LocalLLaMA

14 readers

1 users here now

Community to discuss about Llama, the family of large language models created by Meta AI.

founded 2 years ago

MODERATORS

communick@poweruser.forum

When training an LLM how do you decide to use a 7b, 30b, 120b, etc model (assuming you can run them all)? (alien.top)

submitted 2 years ago by paradigm11235@alien.top to c/localllama@poweruser.forum

9 comments fedilink hide all child comments

I guess the question is what is the order we're talking about for requiring to step up to more parameters? I understand its in billions of parameters and that they are basically the weights between the data it was trained on and is used to predict words (I think of it as a big weight map), so like you can expect "sharp sword" more often than "asprin sword."

Is there a limit to the data-size used to train the model to the point that you'll hit a plateau? Like, I imagine training against Shakespire would be harder than Poe because of all the made up words Shakespire uses. I'd probably train Shakespire with his works + wikis and discussions on his work.

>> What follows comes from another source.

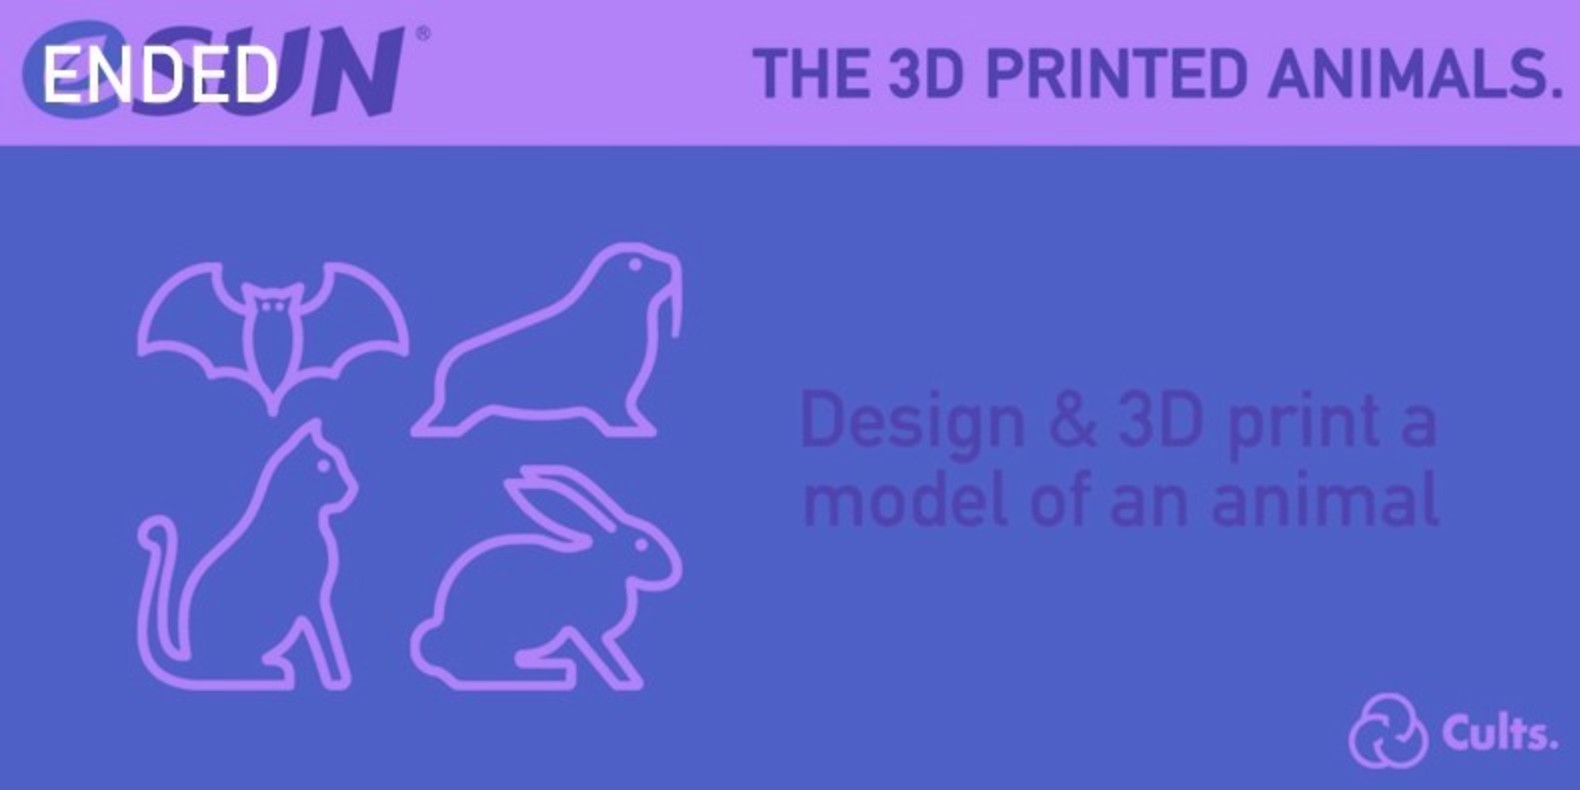 The challenge of design and 3D printing about Animals

I know that's kind of all over the place, I'm kind of fumbling at the topic trying to get a grasp so I can start prying it open.

you are viewing a single comment's thread
view the rest of the comments

[–] rvitor@alien.top 1 points 2 years ago

for training sometimes is better to pick a small model to do some tests and get faster feedback, then you can train in a larger model if you want to, and see how it goes.